Skills Ranks: 3x8=24

Skills:
Bluff +7 [4 ranks +3 Cha]
Intimidate +11 [8 ranks +3 Cha]
Jump +4 [2 ranks +2 Str]
Listen +4 [2 ranks +2 Wis]
Ride +8 [6 ranks +2 Dex]
Sense Motive +4 [2 ranks +2 Wis]
Spot +4 [2 ranks +2 Wis]

Feats: Archaic Weapons Proficiency, Combat Martial Arts, Improved Initiative, Personal Firearms Proficiency, Quick Draw, Simple Weapons Proficiency, Two-Weapon Fighting

Abilities:
Melee Smash (+1 melee damage)
Improved Melee Smash (+1 melee damage)
Detect Shadow
Shadow Immunity 1 [1/2 Shadow Slayer level]

Paladin Abilities (as 5th level Paladin): Aura of good, detect evil (undead and demons), divine grace, lay on hands, aura of courage, divine health, turn undead, smite evil 2/day. special mount, Archaic Weapon Proficiency, Armor Proficiency, (although there isn't any armor around). Also does additional damage against undead equivalent to character level. 

Height: 6'2"
Weight: 200 lb

Posessions:
Longsword [4 lb]
Hatchet [4 lb]
S&W M29 (.44 magnum revolver) [3 lb]
Ruger Service-Six (.38S revolver) [2 lb]
Ammo (.44 caliber) (50)	[1 lb]
Ammo (.38 special) (50) [1 lb]
Fragmentation grenade (5) [5 lb]
Oversized Range pack, slung over shoulder [3 lb]
- Dynamite (3) [3 lb]
- Bible (big leather-bound) [3 lb]
Hip Holsters (2) [2 lb]
Priest's Outfit
Leather Overcoat [7 lb]

Weight: 38 lb
Max Weight: 58/116/175

On Hammer
Bit and bridle [1 lb]
Saddle [25 lb]
Saddlebags [8 lb]
- Rope (150 ft) [12 lb]
- Sleeping bag [4 lb]
- Tent [20 lb]
- Trail rations (jerky) (7 days) [7 lb]
- Canteen [4 lb]
- Portable stove [1 lb]
- Mess kit [1 lb]
- Franks and beans and coffee! [5 lb]
- Flint and Steel [- lb]
- Matches (tindertwigs) x10 [- lb]
- Hooded lantern [3 lb]
- Oil x3 [3 lb]
The Priest [200 lb]
Priest's Gear [38 lb]

Weight: 333 lb
Max Weight: 350/700/1050


Hammer, Heavy War Horse Mount: Large Animal; HD 6d8+18; hp 45; Init +1; Spd 50 ft.; AC 18 (-1 size, +1 Dex, +8 natural), touch 10, flat-footed 17; BAB +4; Grp +12; Atk +7 melee (1d6+4, hoof); Full Atk +7 melee (1d6+4, 2 hooves) and +2 melee (1d4+2, bite); Face: 10 ft.; SQ Empathic link, improved evasion, low-light vision, scent, share spells, share saving throws; AL N; SV Fort +8, Ref +6, Will +4; Str 19, Dex 13, Con 17, Int 6, Wis 13, Cha 6.
Skills: Listen +6, Spot +5
Feats: Endurance, Fleet of Foot, Run.

----------

1. Level 1: Improved Initiative, Two-Weapon Fighting
Occupation Adventurer: Personal Firearms Proficiency, Permanent class skills: Bluff, Ride. Wealth Bonus Increase +1
Strong Hero 1: Simple Weapons Proficiency, Melee Smash (+1 melee damage)
2. Strong Hero 2: Combat Martial Arts
3. Level 3: Quick Draw
Strong Hero 3: Improved Melee Smash (+1 melee damage)
4. Shadow Slayer 1: Detect Shadow
5. Shadow Slayer 2: Shadow Immunity 1 [1/2 Shadow Slayer level]


----------



## Krug (Mar 26, 2005)

Yeap he has a horse. I think he can cut down on the weapons; two pistols, a longsword and 5 grenades, with three sticks of TNT. I assume he has a bible somewhere, and a waterskin. 

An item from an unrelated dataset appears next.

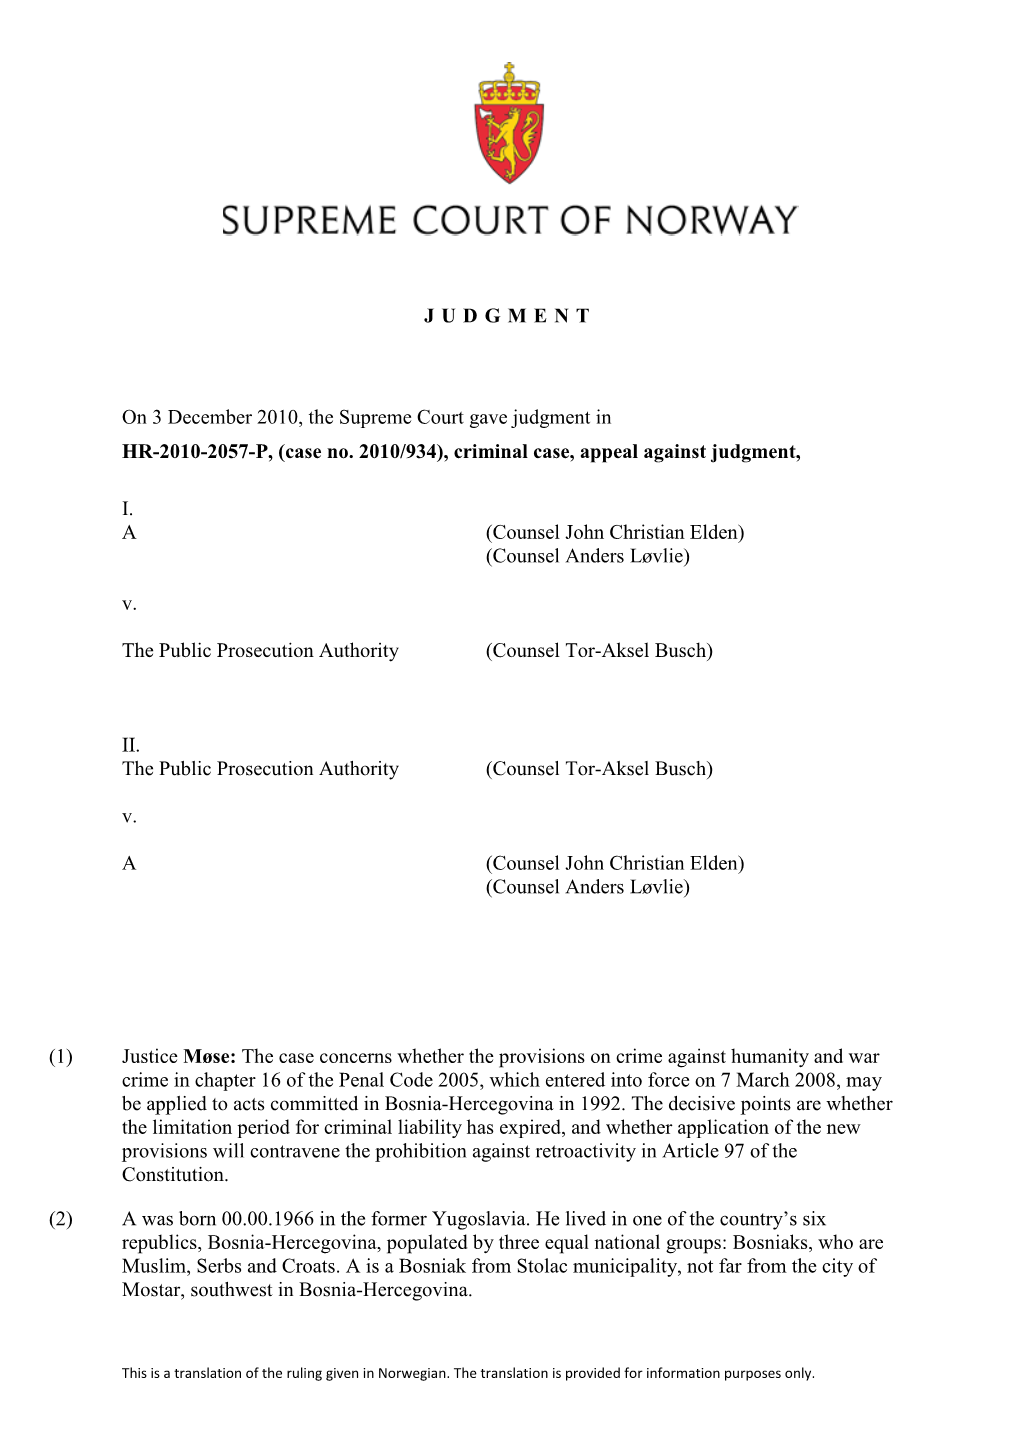 (Case No. 2010/934), Criminal Case, Appeal Against Judgment

Some added background would be good. What's he doing in the West? What country was he or his ancestors from? What's his connection to the church? Why is he called a priest? What is he looking for really? Does he work for money? What was his history before wandering the West? Eyes, hair colour, height and weight would also be good.

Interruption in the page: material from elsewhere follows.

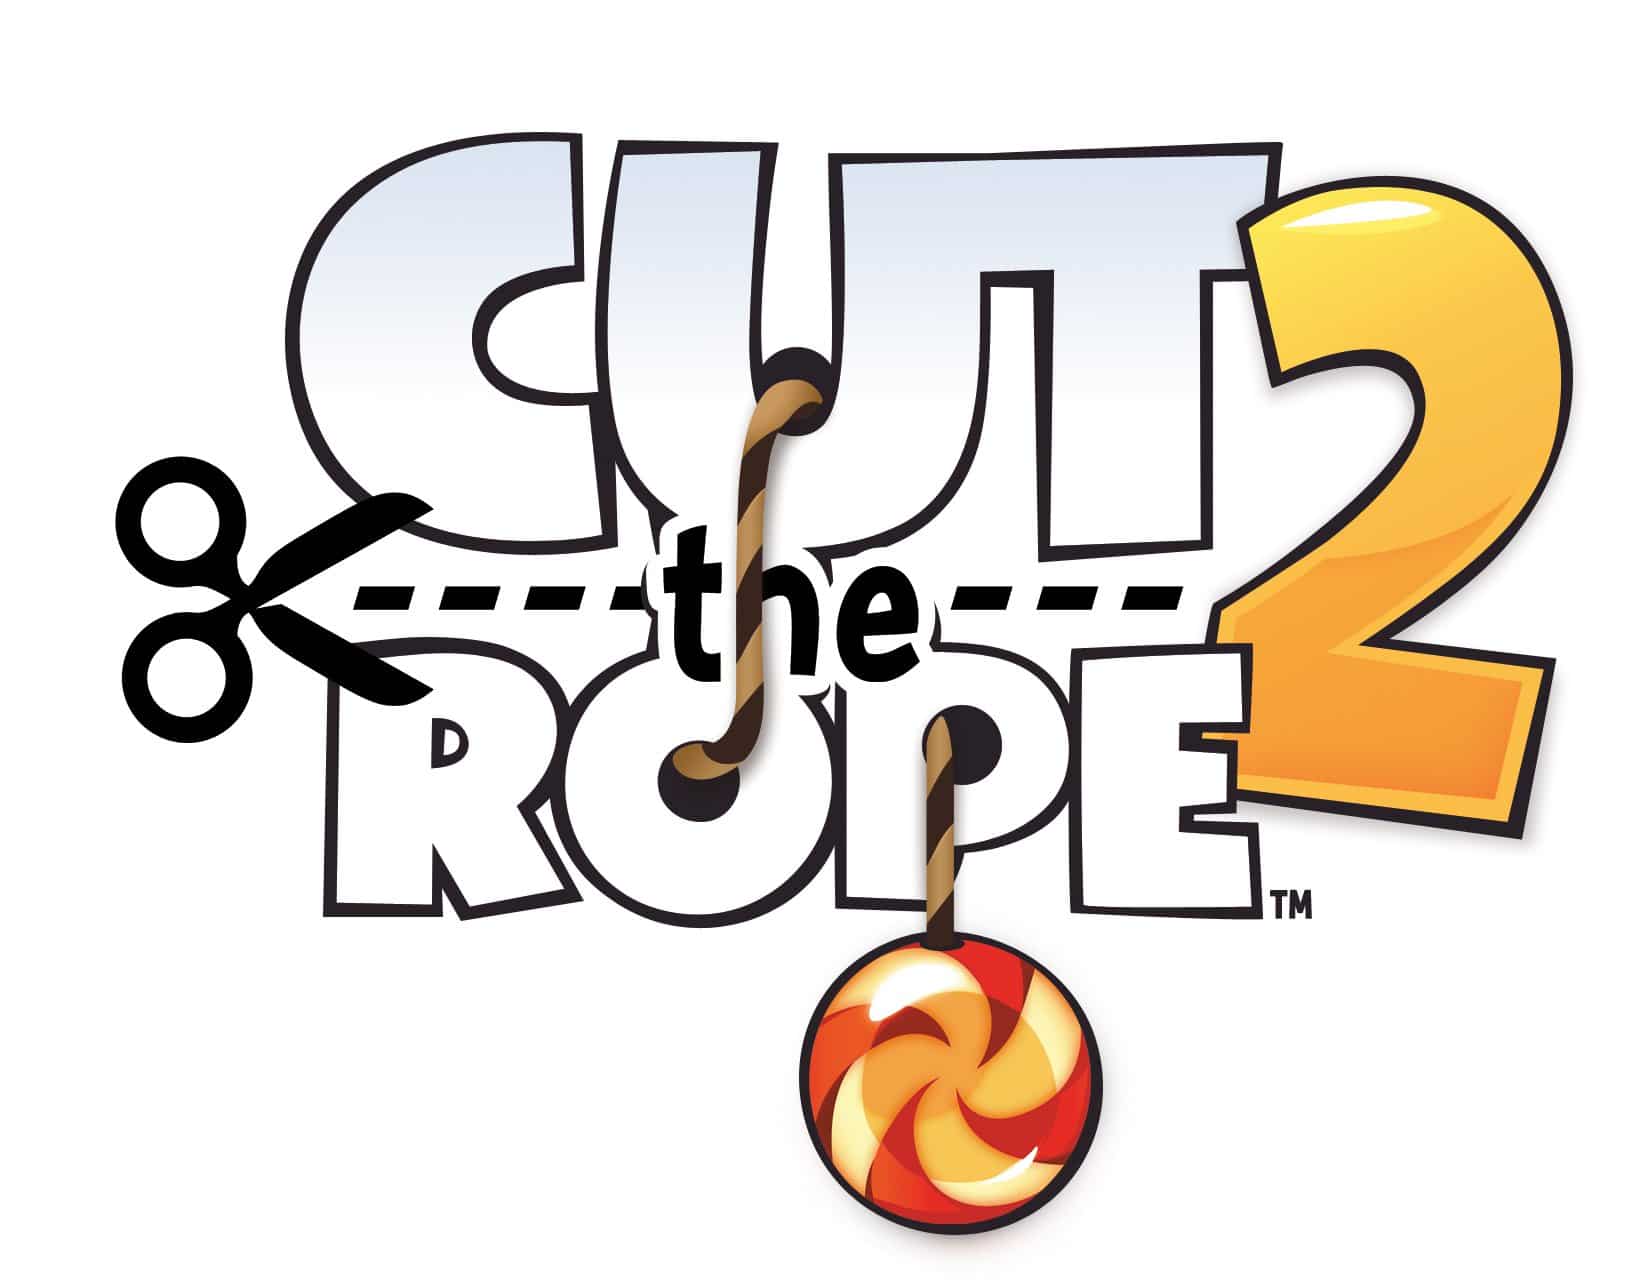 Cut-The-Rope-2-logo-001

When the game begins, he hasn't met up with Jenna yet.

Writing should be in third person, with italics for game rules. Style should be pulp gothic western, whatever that means. 

You can double your action points, which will give you more leeway for heroic actions. 

Also for _Detect Evil_, it only works for undead creatures or demons, those that are actually linked to magical/demonic forces. Humans rarely ever detect as evil, unless they're truly nasty or have sold part of their souls.


----------



## silentspace (Mar 26, 2005)

Sounds good. I'll work on it.


----------



## silentspace (Mar 27, 2005)

Posted some updates above, still needs some work though


----------



## doghead (Mar 29, 2005)

Hey all,

Its going to take a bit of time to get a character up to speed. Initially, I was thinking along the lines of a divine spellcaster to complement Silentspace's combat skills. With his paladin levels, that seems a little redundant. The "arcane symbols" made me think of perhaps an arcane spellcaster, then i thought of a shamanistic character - some type of druidic analogue. But all of these are rather too dnd'ish perhaps. But the idea of a shapechanger does appeal. A lycanthrope came to mind (lupines vs vampire anyone?) but I suspect that is going to push the character well over her ECL 3 limit.

Humm. Ideas anyone?


----------



## doghead (Mar 29, 2005)

OK. Smart 2/Something Else 1.

_For as long as she can remember, her family has hunted the forces of darkness. Her father, tacturn, tactical, intractable. Her eldest brother, light and lithe. Her younger brother, brave and as brutal as the shotgun he weilded. From lamp lit east coast metropolises, to the starlit expanses of the wild west they fought. An endless, silent, unseen war raged in the hours from dusk to dawn. Mostly.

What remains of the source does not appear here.